---------- Data block ----------

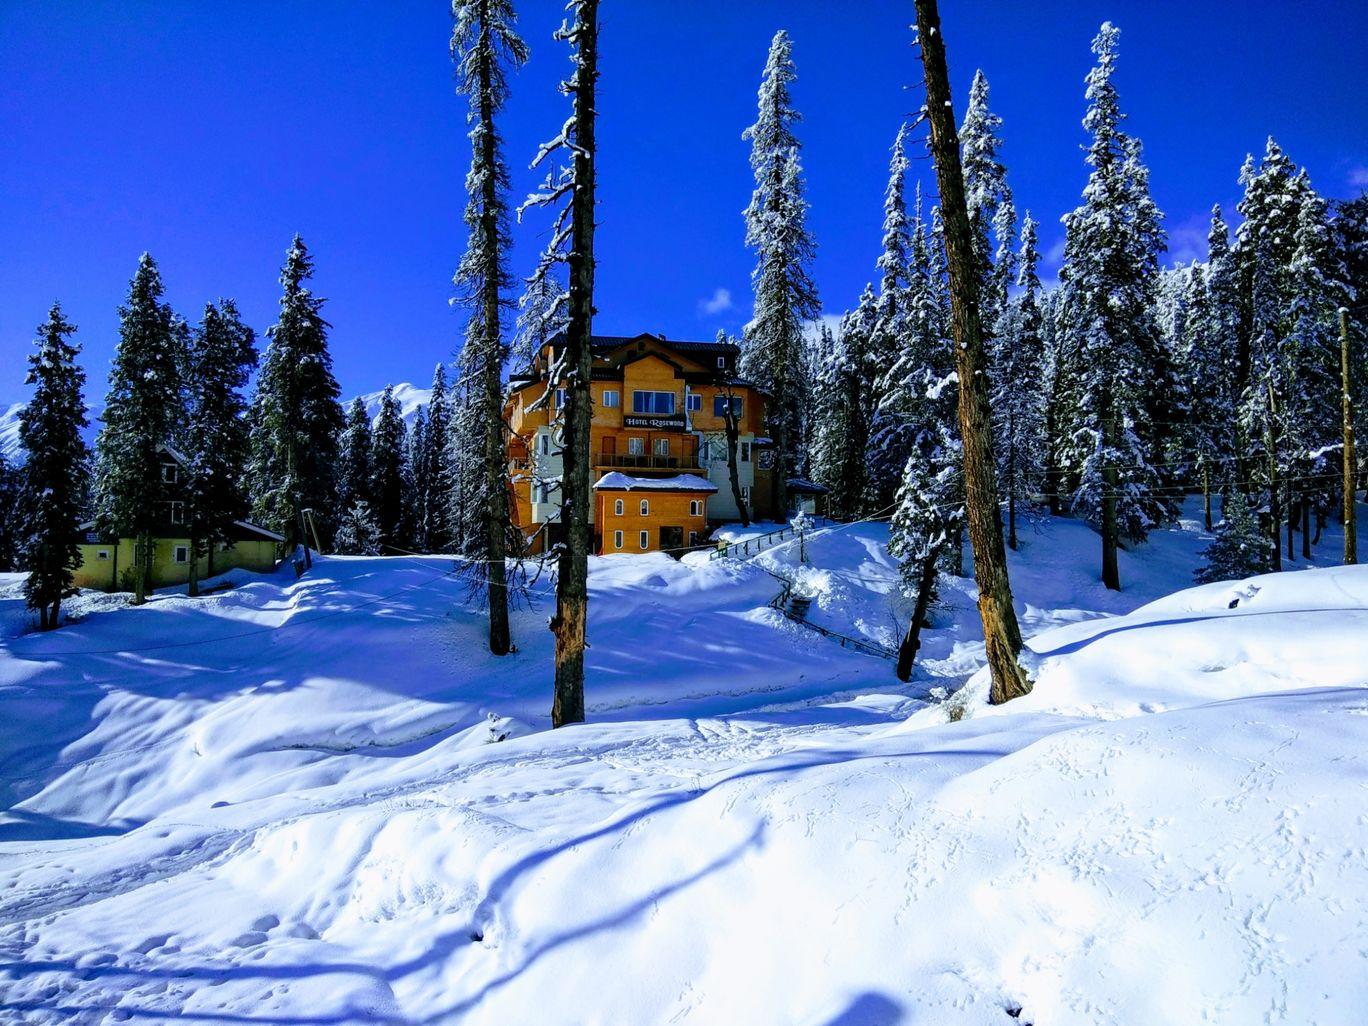 Photo of Kashmir Valley By Anupriya
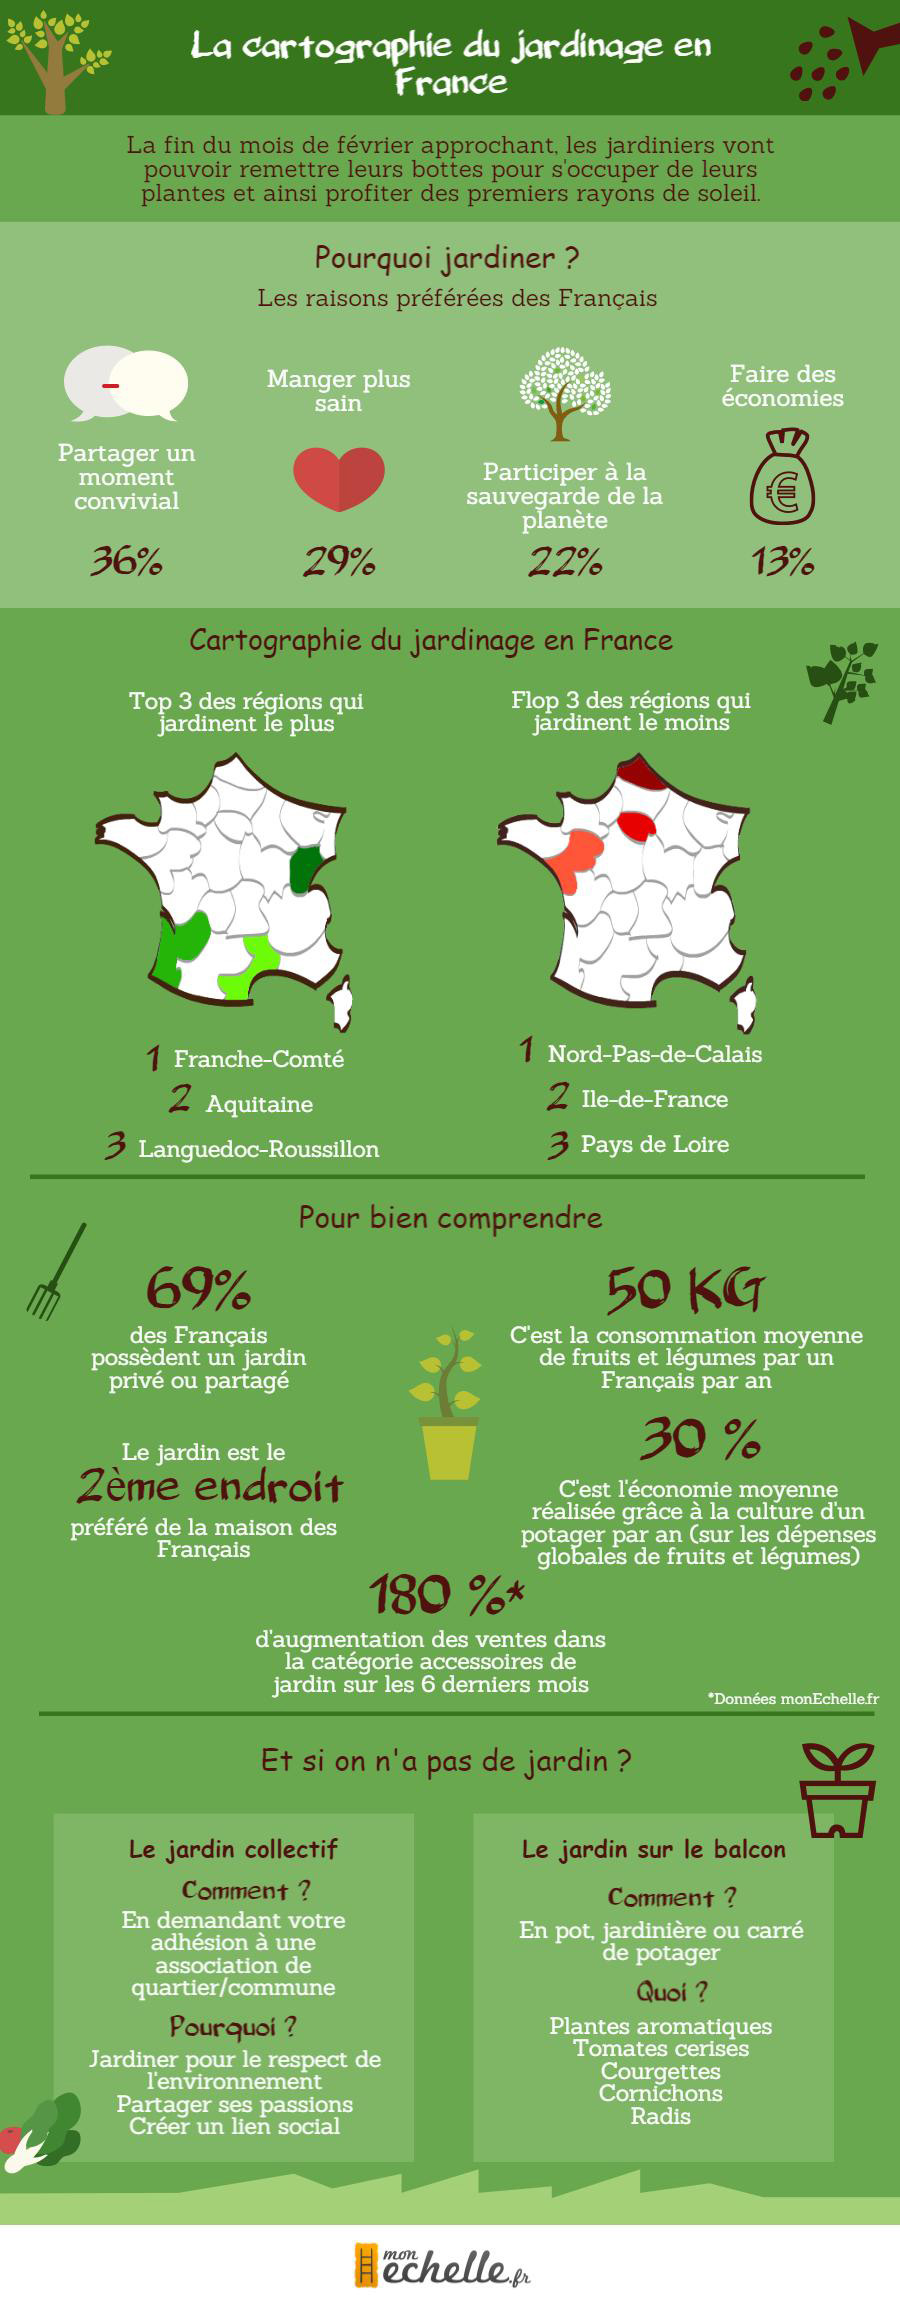 Infographie-Carte-Jardin-monEchelle.fr_
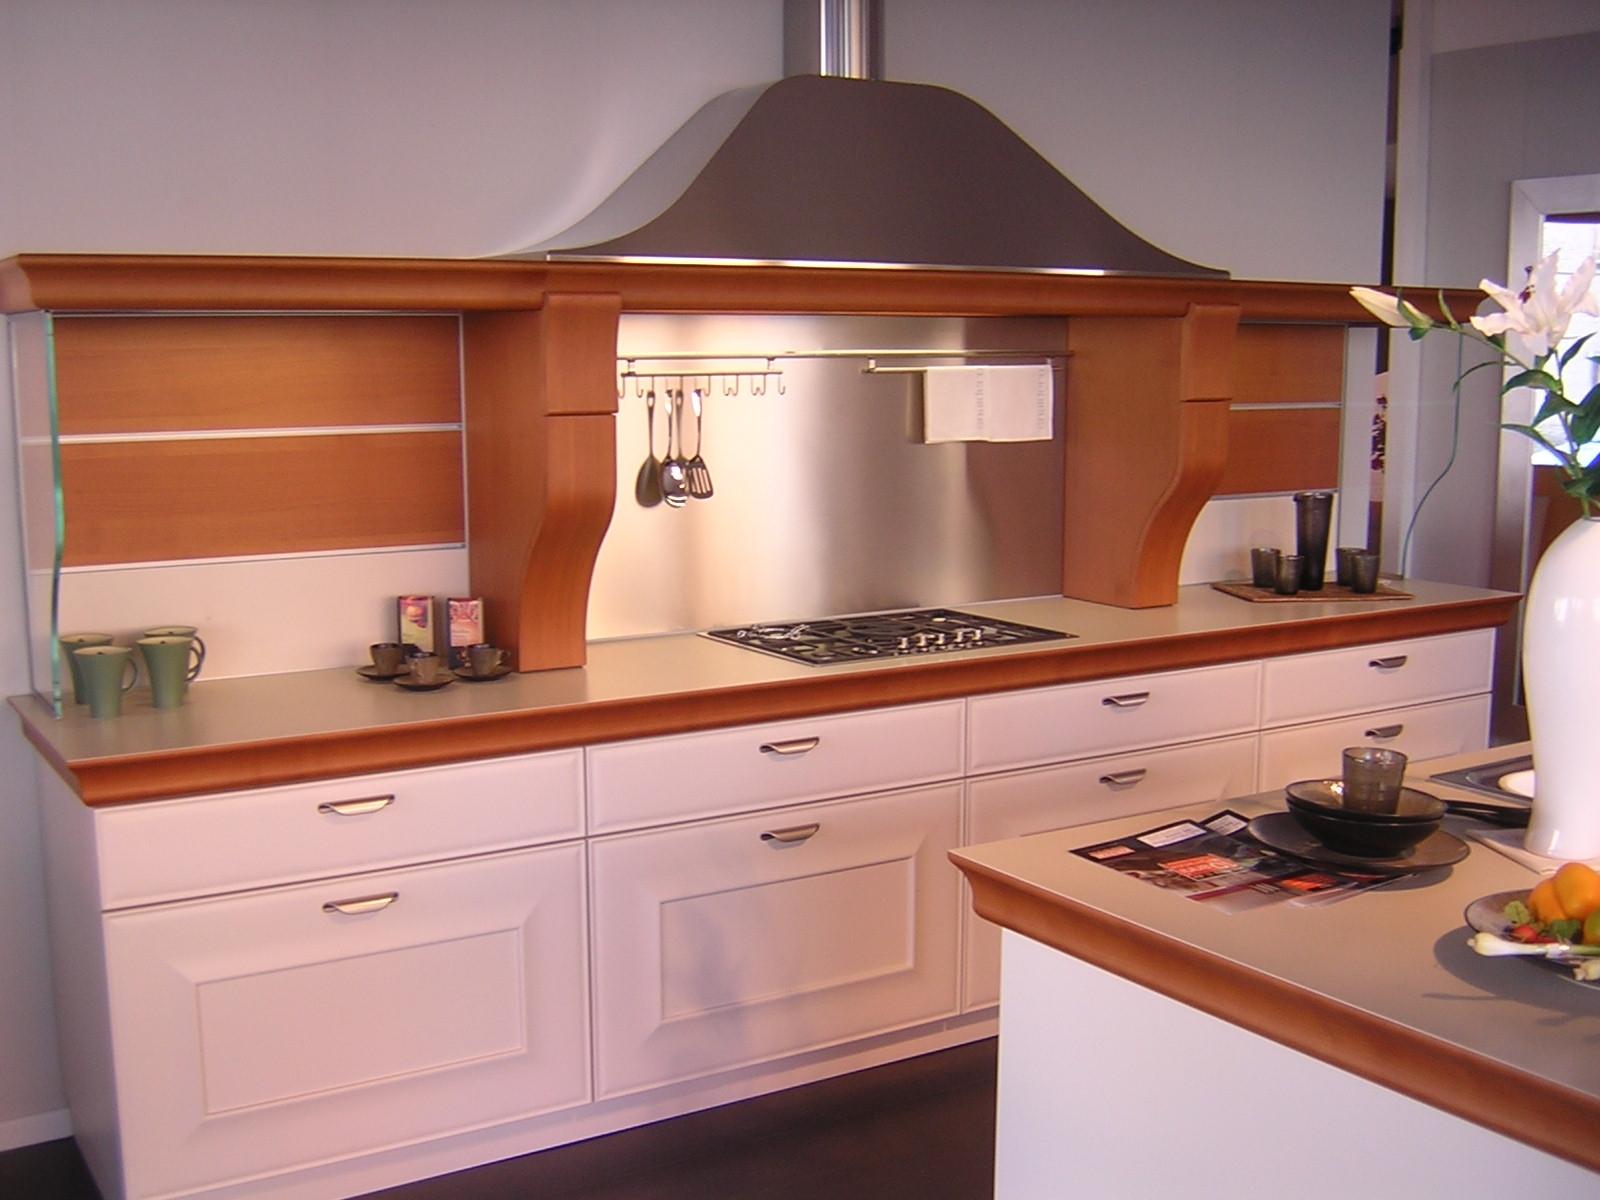 Snaidero cucina gioconda laccopacoate cucine a prezzi - Cucine componibili bianche ...

----------

Using the listing above, write out exactly the lines from the one that holds "Infographie-Carte-Jardin-monEchelle.fr_" through the last line, both included, and omit pictures.

* Result for this exercise
 Infographie-Carte-Jardin-monEchelle.fr_
 Snaidero cucina gioconda laccopacoate cucine a prezzi - Cucine componibili bianche ...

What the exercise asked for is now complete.